Since the introduction of hormone therapy
for the treatment of prostate cancer, there has been a debate about the
optimal timing of hormone therapy. A modification in the timing of hormone
therapy produced new candidates for hormone manipulation.
In particular, the use of hormone treatment
for younger patients, longer periods and early prostate cancer, absolutely
requires a whole re-evaluation of which therapy is indicated and it may
produce new problems such as higher risk of over-treatment, need of a
better evaluation of quality of life in younger patients and the research
for better tolerated therapies. Therapies that resist for longer periods
without the production of a hormone-refractory disease are also required.
Key
words: prostatic neoplasms; hormone therapy; carcinoma
Int Braz J Urol. 2004; 30: 455-65
INTRODUCTION
Hormone
treatment of prostate cancer is based on the demonstration that malignant
prostate cells are target tissues of androgen action. Today, more than
50 years later the first evidence, endocrine manipulation remains one
of the principal corner stone in the management of prostate cancer.
Unfortunately, the use of androgen deprivation
in patients with prostate cancer has limitations. Most importantly, endocrine
treatment can be considered palliative in nature, and relapse of the malignancy
occurs if the patient survives competing with causes of death.
Different issues are still open for discussion,
in particular actually new candidates for androgen manipulation are considered.
In this article, we will try to analyze
which factors are responsible of the introduction of new candidates for
hormone therapy, which are actually candidates for hormone therapy, classifying
them on the basis of the stage of the disease, and which treatment modality
can be proposed for each candidate.
WHICH FACTORS
DETERMINED THE INTRODUCTION OF NEW CANDIDATES FOR HORMONE THERAPY?
In
this last 20 years, different issues probably determined a new reconsideration
of candidates for hormone therapy in prostate cancer.
The
Society
In many developed countries, prostate cancer
is the most commonly diagnosed life-threatening malignancy in men, and
seems poised to overtake lung cancer as the major cause of cancer death
(1). These aspects, added to the well known demographic shifts toward
an increasingly aged society, have led epidemiologists to predict a dramatic
increase in both the incidence of and death rate from prostate cancer
by the year 2020, unless effective improvements in prevention, early diagnosis
and treatment are forthcoming (2).
Unlikely most other forms of cancer, however,
not every prostate tumor constitutes a serious threat to life of the individual
affected, and consequently does not automatically warrant treatment (3).
The
PSA Era
In the era of increasingly widespread prostate
specific antigen (PSA) testing, the result is an early detection and early
treatment of prostate cancer disease. Since the introduction of hormone
therapy, there has been a debate about the optimal timing of hormone therapy.

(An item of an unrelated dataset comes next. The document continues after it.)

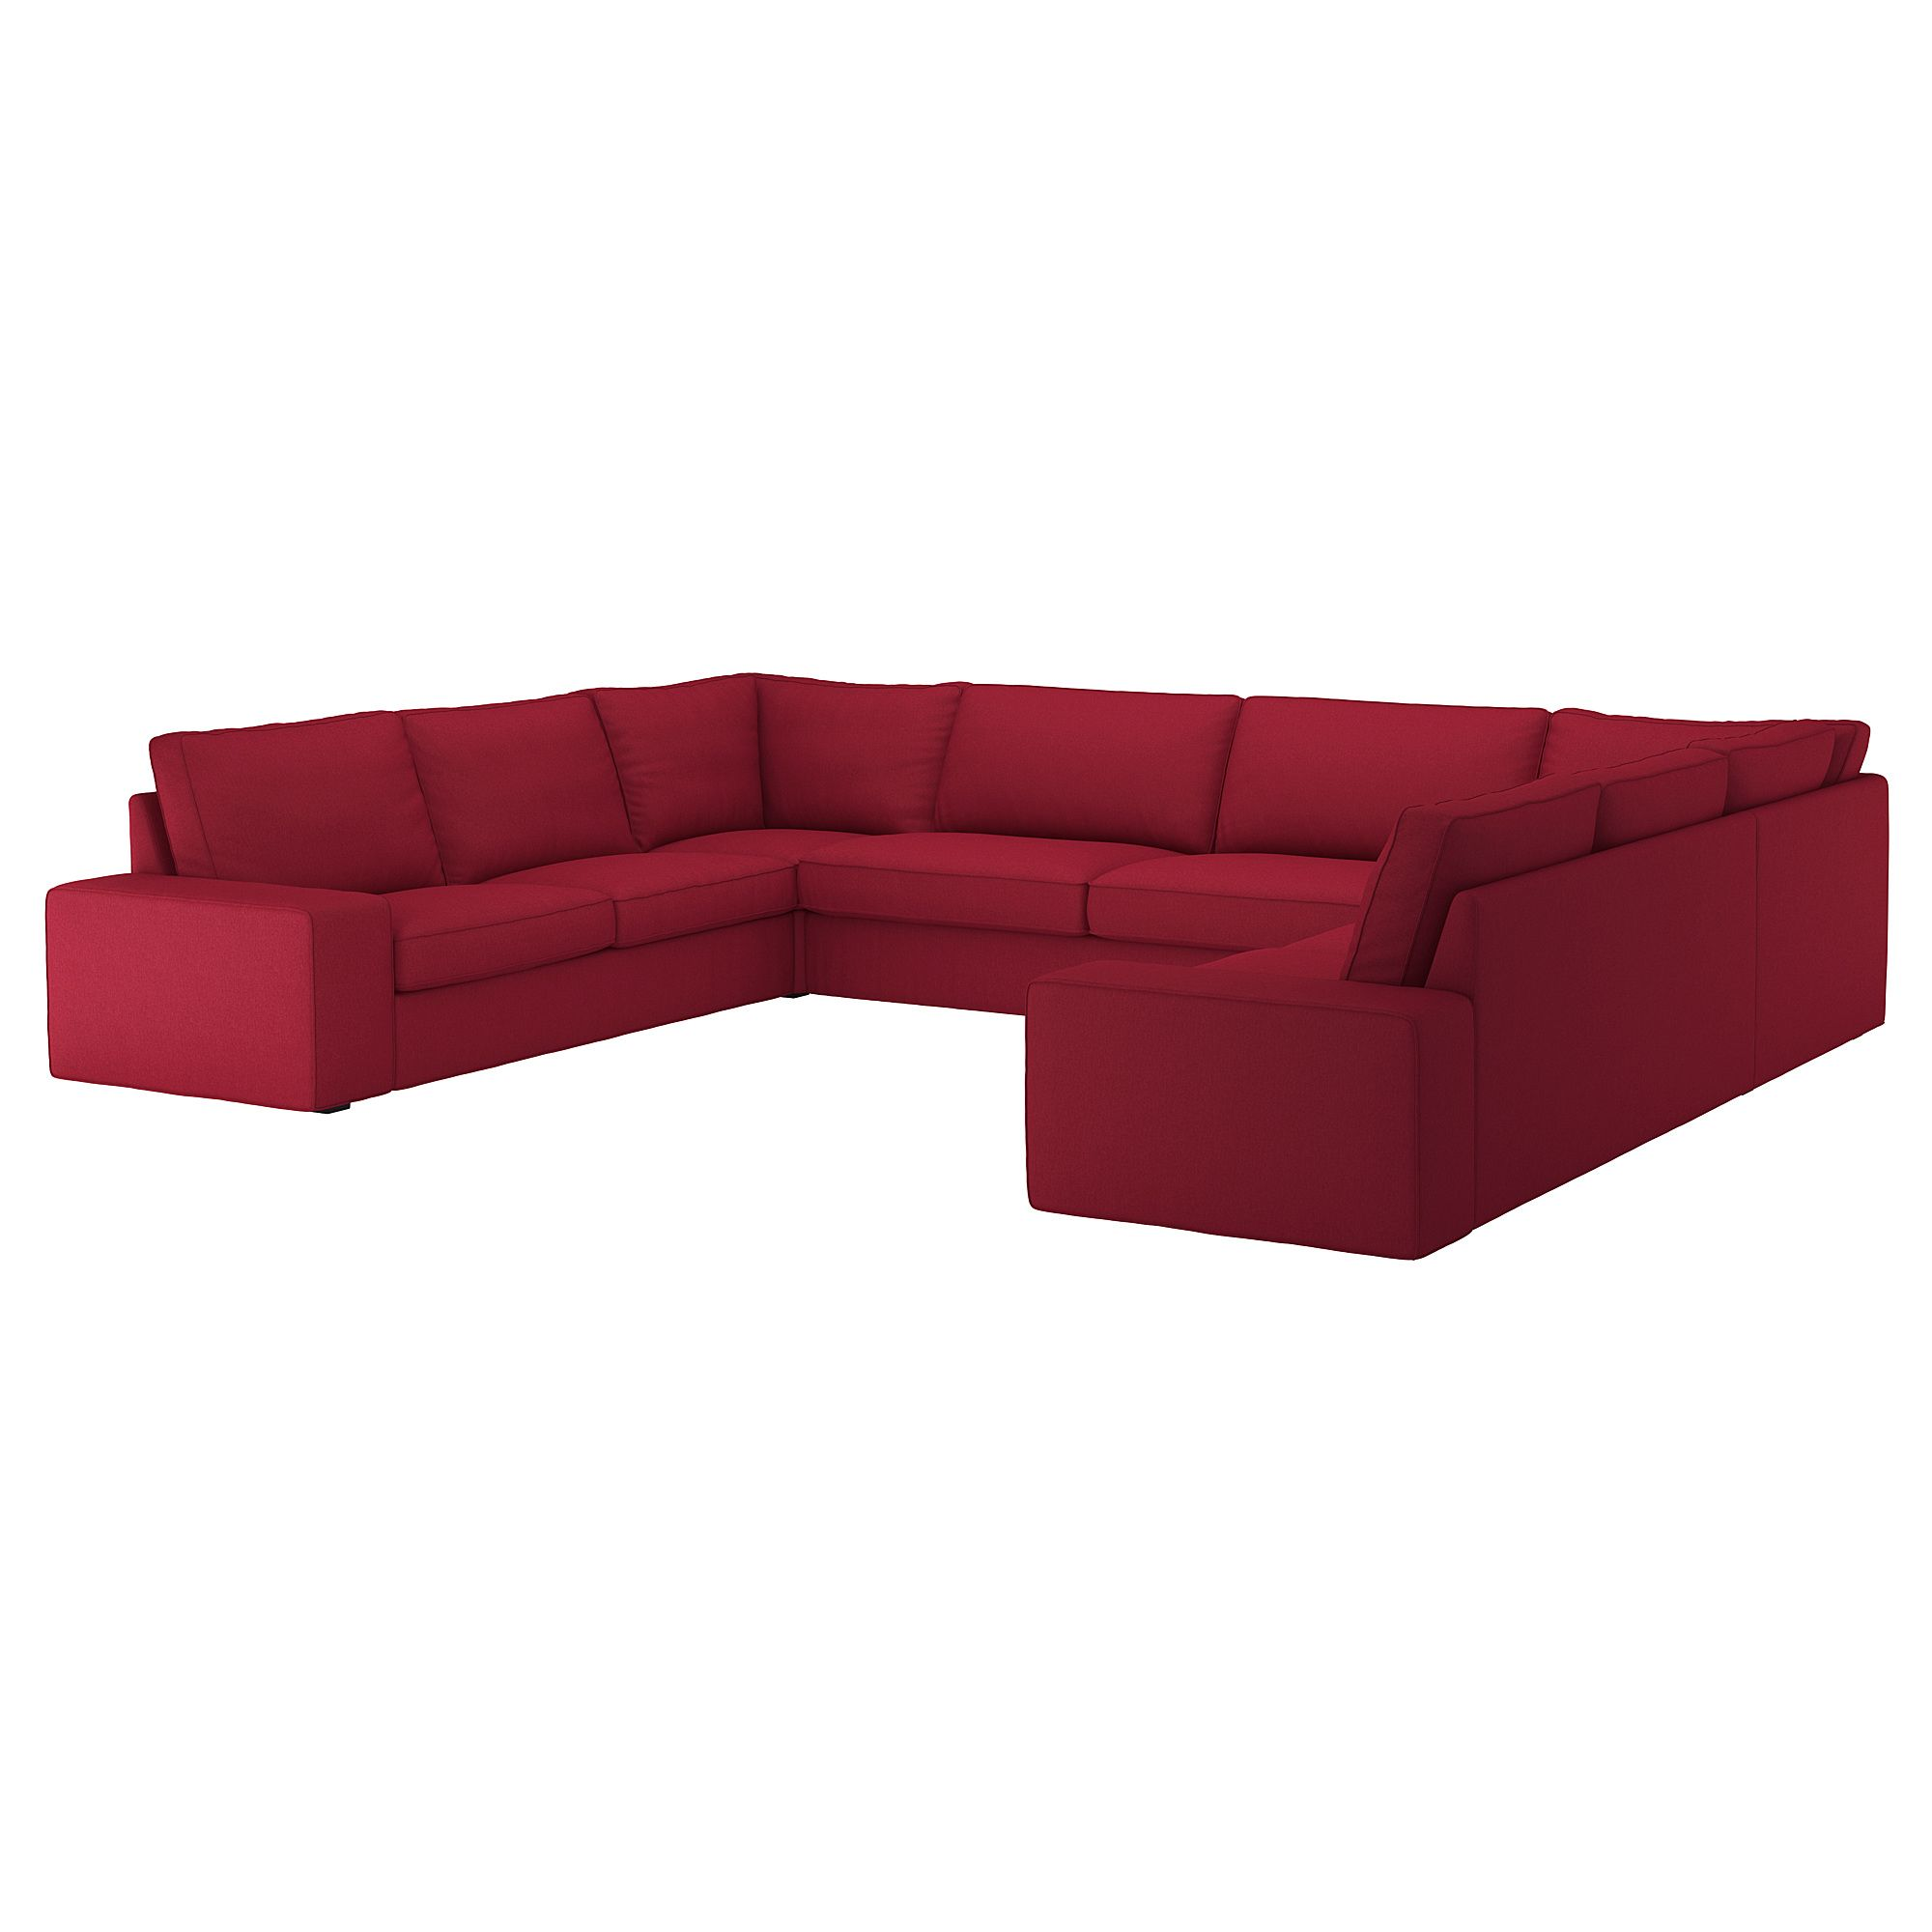 Kivik Sectional 6 Seat Orrsta Red U Shaped Sofa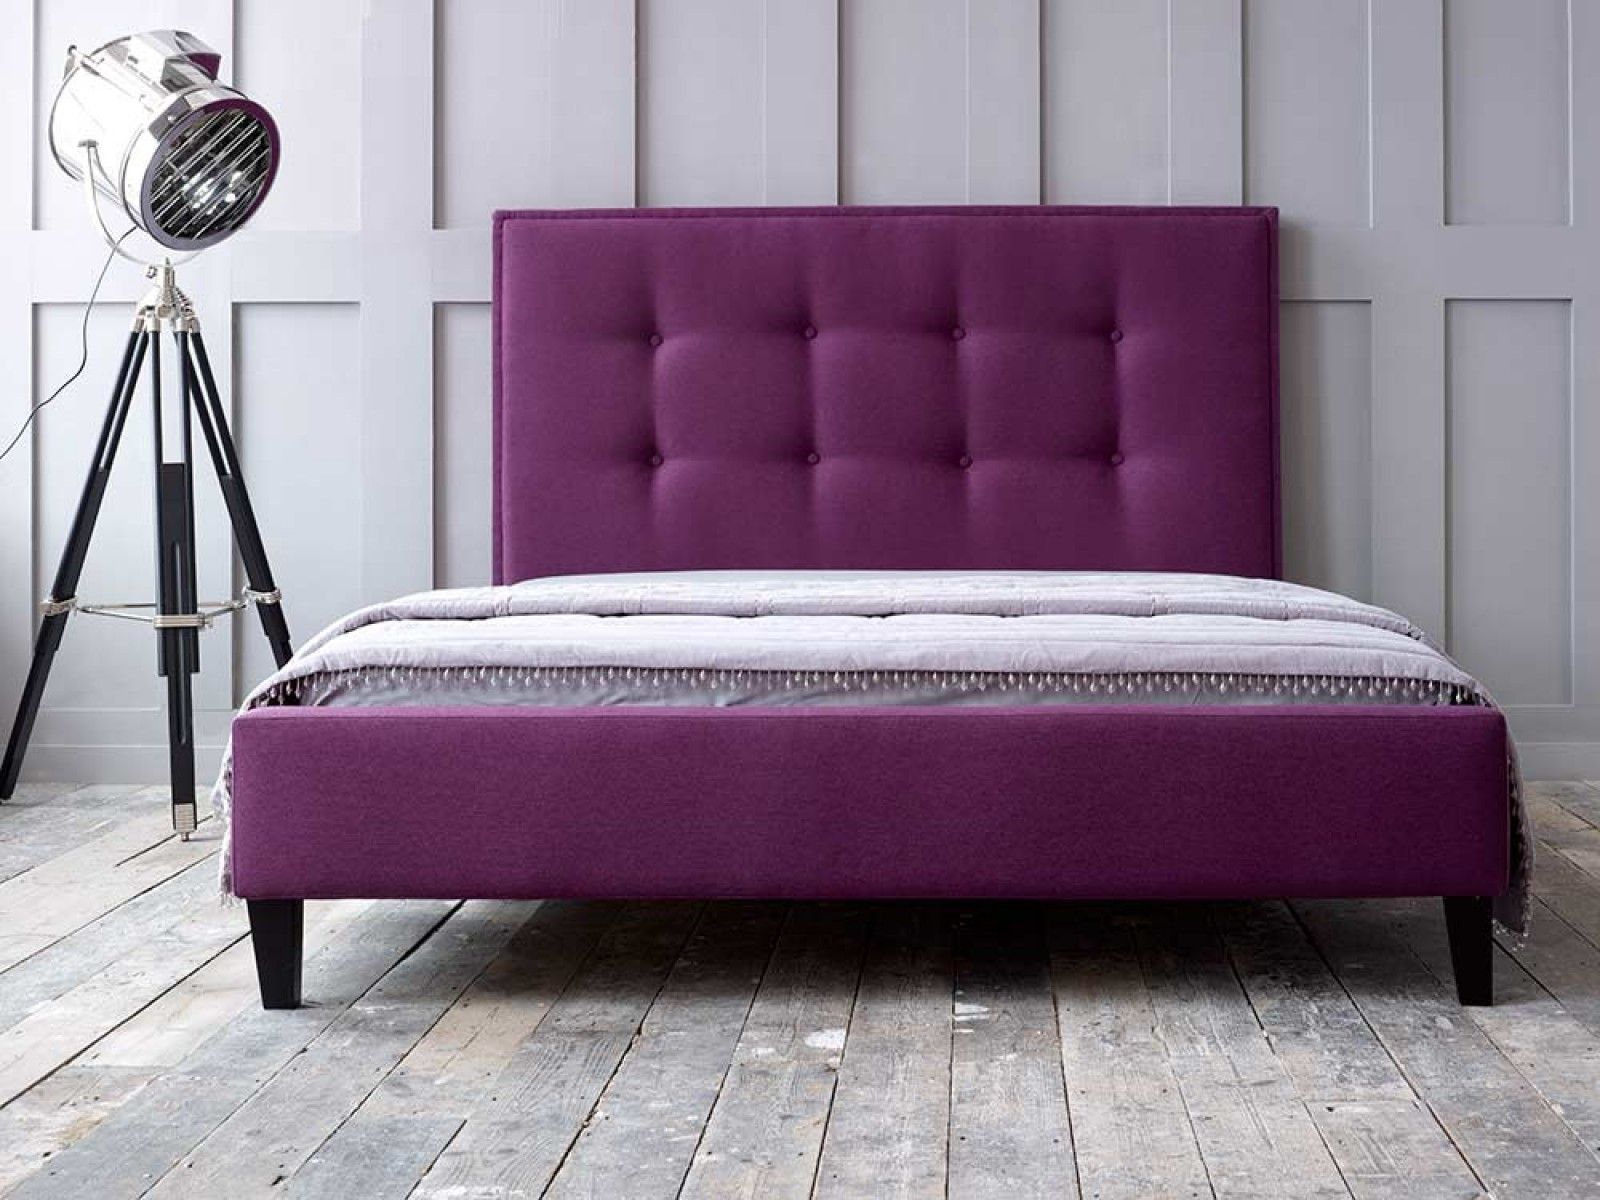 Ivy Short Bed Living It Up Blue bedroom, Buttoned

A modification in the timing of hormone therapy produced new candidates
for hormone manipulation.
In particular, at the time of the Veteran’s
Administration Cooperative Urological Research Group (VACURG) studies,
the clinicians’ choice was fairly limited: they could either carry
out surgical castration or give estrogens, which were associated with
a high risk of complications (4). For many years, the VACURG studies formed
the scientific basis for withholding endocrine therapy until symptoms
appeared. An elderly man may die from an unrelated cause before he develops
symptoms requiring treatment.
Other studies, in particular the Medical
Research Council (MRC) (5) and the European Organization for Research
and Treatment of Cancer (EORTC) 30846 (6), changed this point of view.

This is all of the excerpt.